Under Obama-Pelosi, this isn’t even George McGovern’s party anymore.
Those who contribute to, vote for, or otherwise support today’s Democrat party need to catch up to the curve. These are not your father’s Democrats. George McGovern would be a moderate in this party.
This is the party that rejected Hillary Clinton because she was not left enough. Instead it literally took a Marxist street agitator from the Chicago political machine and put him in the White House. Barack Obama was actually teaching the social manipulation methods of openly communist revolutionary Saul Alinsky to other Marxist revolutionaries for the radical communist front group ACORN. His weird name reflects his personal rejection of American culture. This is the person today’s Democrat party wanted for President.
But it is not just him. The leader of the House Democrats is former House Speaker Nancy Pelosi, ultraleft San Francisco Democrat totem. She is virtually as far left as Obama, and her public statements make Sarah Palin seem like a Ph.D. in economics. She keeps telling us that unemployment insurance payments are the best way to restore booming economic growth and prosperity.
When the American people rebuked Pelosi’s ultraleft leadership as House Speaker, turning to the Republicans for the greatest House turnover since the New Deal, House Democrats responded with their own rebuke of the people. They voted Pelosi right back in as their leader, effectively saying to the American people that they were too stupid to know what they are doing, and that Pelosi’s ultraleft San Francisco values best represent the Democrat party’s ideals.
The Democrats also elected as DNC Chairman the unreasoned and far left screamer and name caller Debbie Wasserman Schultz, who also makes Sarah Palin look like a rocket scientist. She touts as her achievements in the Florida legislature the Florida Residential Swimming Pools Safety Act, and state regulation of dry cleaning prices. She compiled during her career there the widely noted most liberal-left voting record of any state legislator. The Democrat party considered that the perfect qualification for party chairman.

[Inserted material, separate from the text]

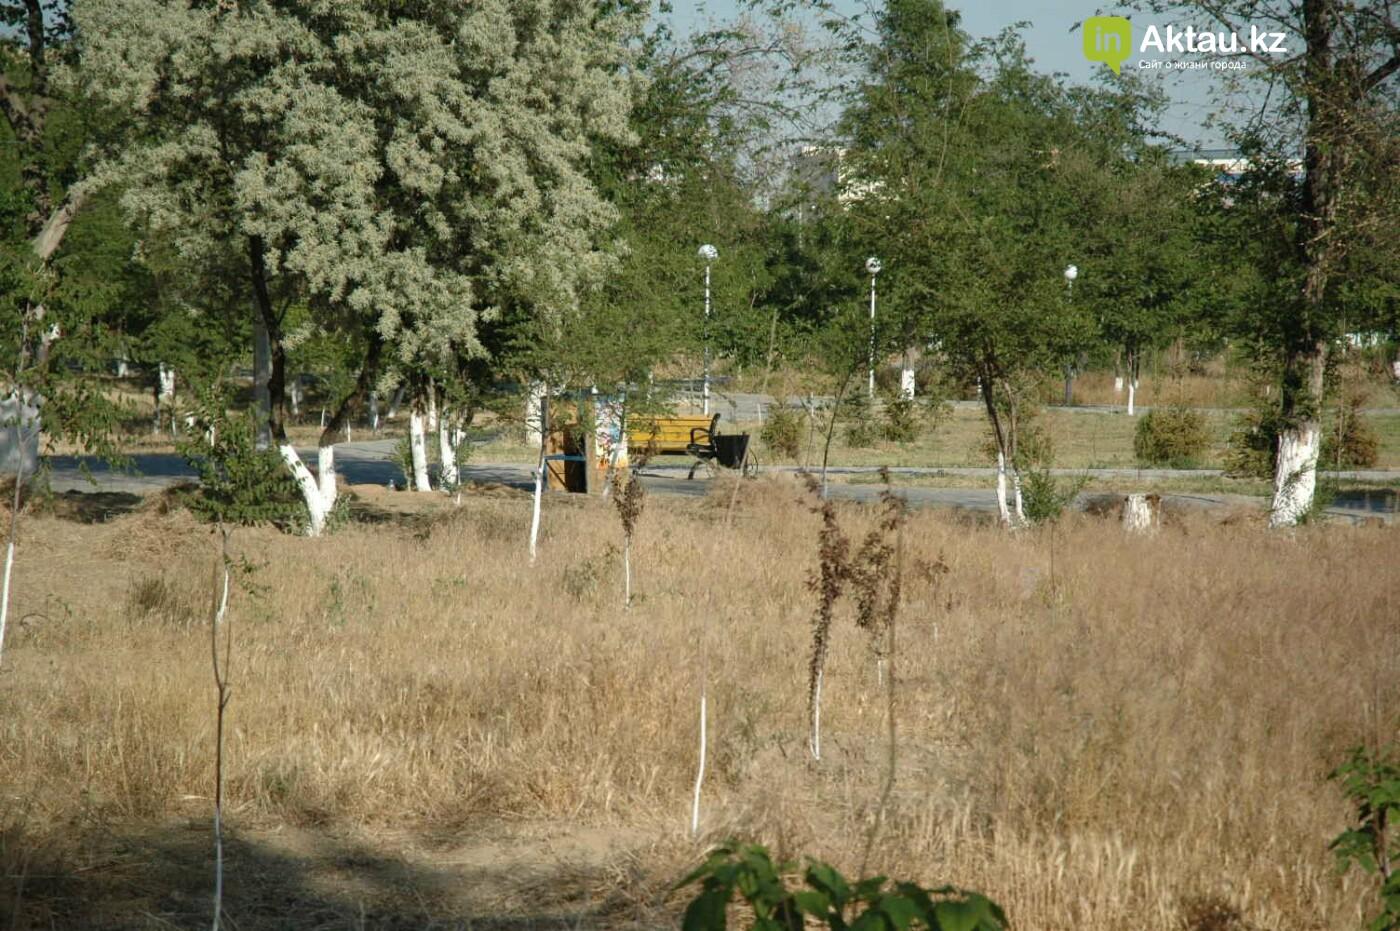 Погибшие от засухи и обезвоживания в Актау исчисляются десятками (ФОТО), фото-48

If you think that increased government spending, deficits, and debt are the key to economic growth and prosperity, then this is the party for you. That is explicitly its economic policy, as crazy as that sounds. Democrats call it Keynesian economics. If you don’t agree that increased government spending, deficits, and debt promote economic growth, then you shouldn’t be voting for, contributing to, and supporting Democrats, and you shouldn’t let your friends do so either.
Obama’s Hugo Chavez Strategy
Our esteemed El Presidente greeted us in the new year with recess appointments of Richard Cordray as chief of the Consumer Financial Protection Bureau, and three new members of the increasingly rogue National Labor Relations Board. There was just one problem. The Congress was not in recess.
These appointments were consequently illegal, and in direct violation of the explicit text of the Constitution. As Stanford Law School Professor Michael McConnell explained in the Wall Street Journal on January 10, “It is hard to imagine a plausible constitutional basis for the appointments. The President has the power to make recess appointments only when the Senate is in recess.”
McConnell further explained, “Article I, Section 5, Clause 4 [of the Constitution] requires the concurrence of the other house to any adjournment of more than three days. The Senate did not request, and the House did not agree to, any such adjournment.”
The White House issued a supposed legal opinion to justify its action, claiming that the President refuses to take seriously the idea that the Senate was not in its Christmas recess after December 17. But somehow the Senate did manage to pass the President’s payroll tax holiday extension on December 23. The “legal opinion” is consequently nothing more than the taunt, “So sue us.”
Actually, the entire Consumer Financial Protection Bureau, yet another regulatory bureaucracy enacted in the President’s notorious Dodd-Frank financial regulation bill, is transparently and undeniably unconstitutional under the Supreme Court’s recent ruling in the Free Enterprise Fund case. That case involved the Public Company Accounting Oversight Board established by the Sarbanes-Oxley legislation.
The Court found that regulatory bureaucracy unconstitutional because it was an executive agency outside the direct control of the President. While the President made appointments to the Board, it was an independent agency reporting to another independent agency, the Securities and Exchange Commission. Moreover, the Board in that case determined its own budget financed by the fees it set itself on the regulated enterprises. A rogue institution outside direct public accountability and control.
But that didn’t stop the President and the Democrat Congress from adopting the exact same framework for the Consumer Financial Protection Bureau in Dodd-Frank. That too is an independent body reporting to another independent body, the Federal Reserve, and even it has only limited and marginal oversight authority. Moreover, the Bureau sets its own budget as well, with fees it itself determines to assess on financial institutions, for the glory of being regulated by fools.
The response of the Obama Administration is catch us if you can. The first time Cordray’s Bureau tries to enforce a regulation or fine against a bank, the action will be declared null and void because of Cordray’s illegal appointment, with the entire agency struck down as unconstitutional.